Daniel doesn't let fear keep him from Julia.

Back in the courtroom, Bob, Lena and the judges are watching all this. Convinced that Daniel has overcome his fears, the judges instruct Julia’s tram to let him on. And the two head down the tunnel to the next phase of existence together.

Like the rest of Brooks' films, Defending Your Life is very funny, but what elevates it over his other work has to do is its consistency. The writing is much stronger, again telling a big concept story, but sticking with it this time. As a filmmaker, Brooks was just starting to come into his own. His next films, Mother (1996) and The Muse (1999), would continue the trend of truly funny films.

The acting is also really good as well. It’s always a treat to watch someone like Rip Torn act. He was one of the best things about The Larry Sanders Show (1992-6) for example and he shows off that same comic timing here as well.

Rip Torn plays Bob Diamond, Daniel's defender. I really enjoyed him in this part.

Lee Grant has a much less developed character, but she plays the cold leading prosecutor as well as anyone could. Buck Henry also has his usual quirky presence as Daniel’s fill-in life defender.
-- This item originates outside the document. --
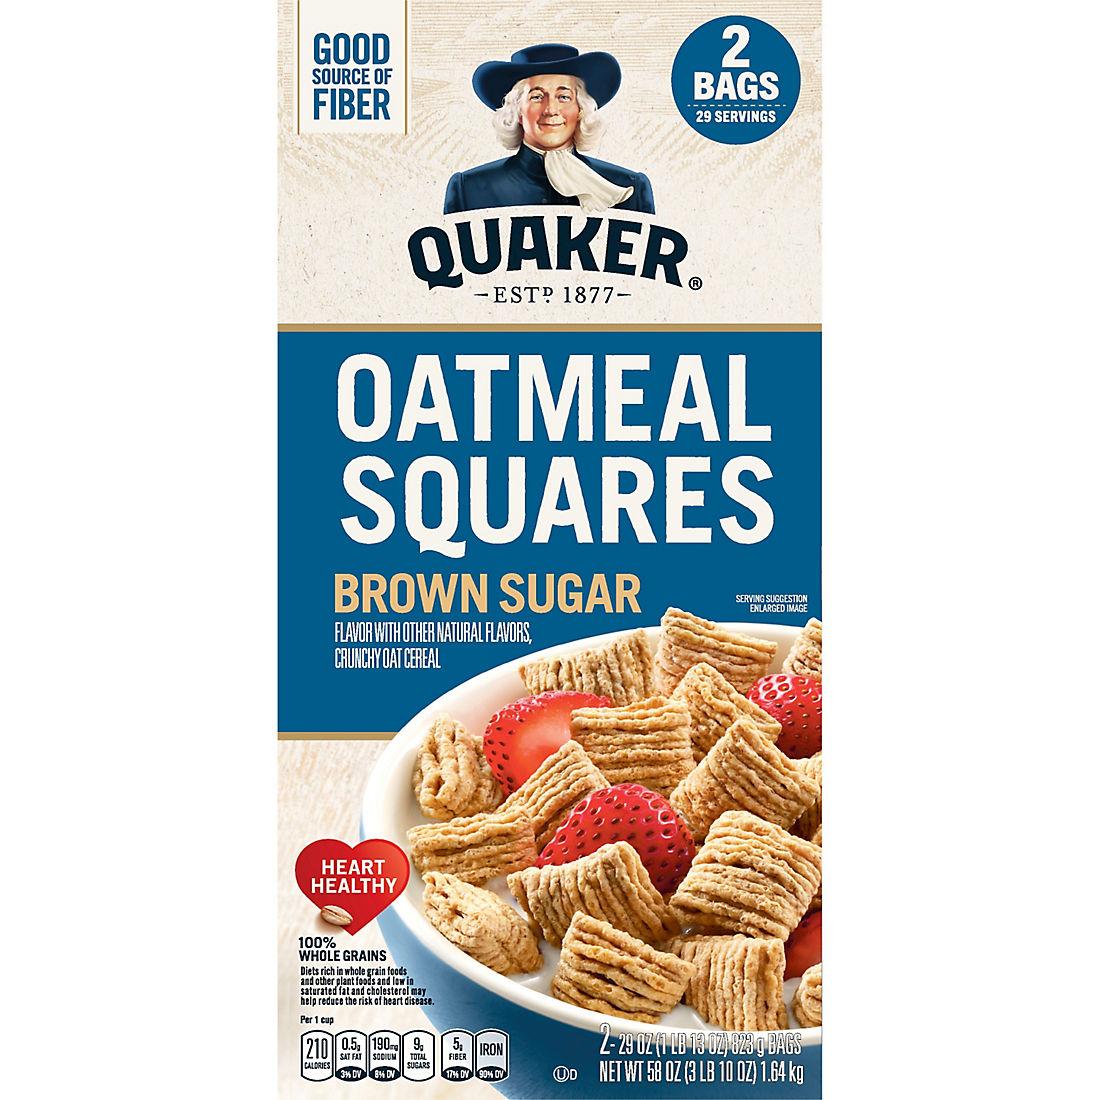 Quaker Oatmeal Squares, 2 pk./29 oz
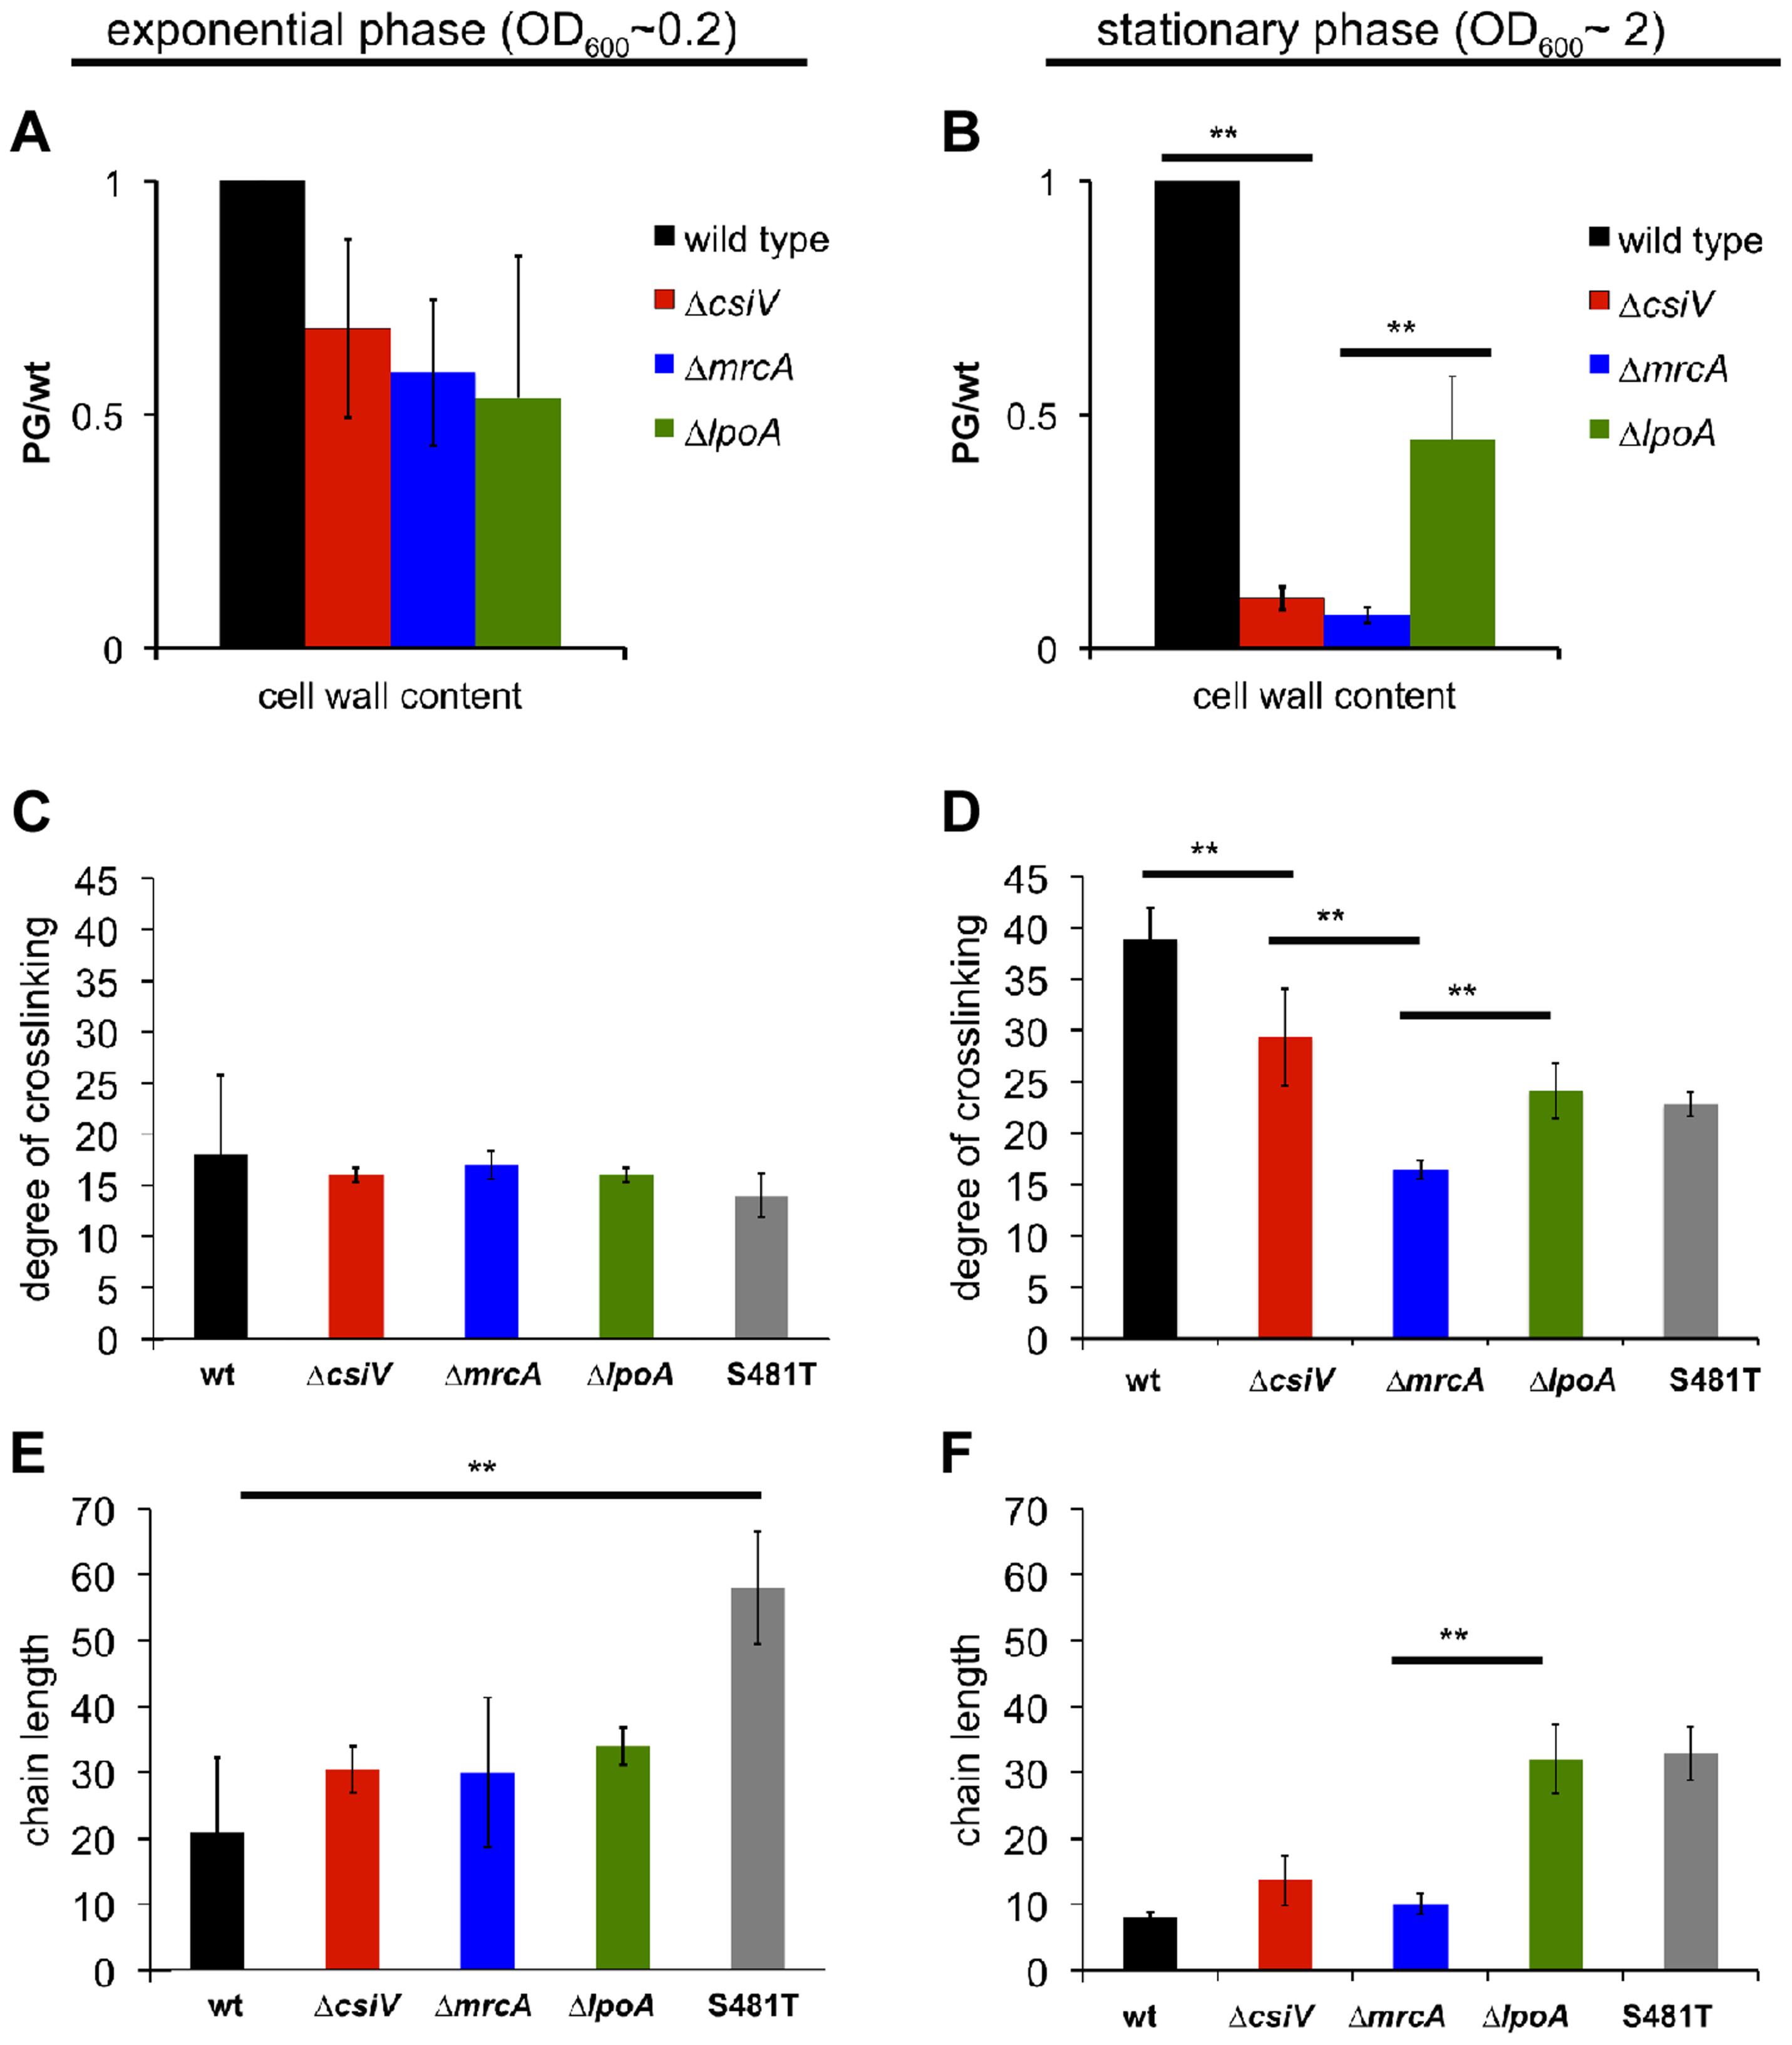 Muropeptide analysis of the <i>csiV</i>, <i>mrcA</i> and <i>lpoA</i> mutants.

For me, Meryl Streep took awhile to get to me as an actress. While I thought she was a good actress, I didn’t see the brilliance that everyone else seemed to. She seemed to have built her career on dramatic roles in such films as Julia (1977), The Deer Hunter (1978) and Kramer vs. Kramer (1979), but her forays into comedy were somewhat mixed. She had a small part in Manhattan (1978); this was the first true comedy I had seen her in and she does very well with the role. I know she had made a couple before this film and I’ve since gone back and seen her in Postcards from the Edge (1990). She is an actress with a great range.

Brooks is good as the lead character. You get the real sense that Daniel knows the deck is stacked against him, but he has no choice but to go through with it. I don’t know Brooks at all, but he plays the character like he’s playing himself in that situation, the same way Woody Allen always seemed to be playing himself in his films, especially the early ones. Brooks' best work as an actor though seems to be in films directed by others, most notably the previously mentioned Broadcast News.

Despite the film receiving mostly positive reviews at the time of release, it was not a box office success, garnering a little more than $16 million. Perhaps Brooks’ previous efforts had made it difficult for him to fill the seats in the theater. Low box office returns will haunt Brooks’ directing career. He is apparently an acquired taste.

But the question is should you see this film and the answer is yes. Defending Your Life takes a very funny look at the afterlife and leaves you with a sense that you have to make every day count and not let your fears get in the way of fulfilling your own destiny. Not necessarily a new concept, but one that is delivered with a lot of laughs.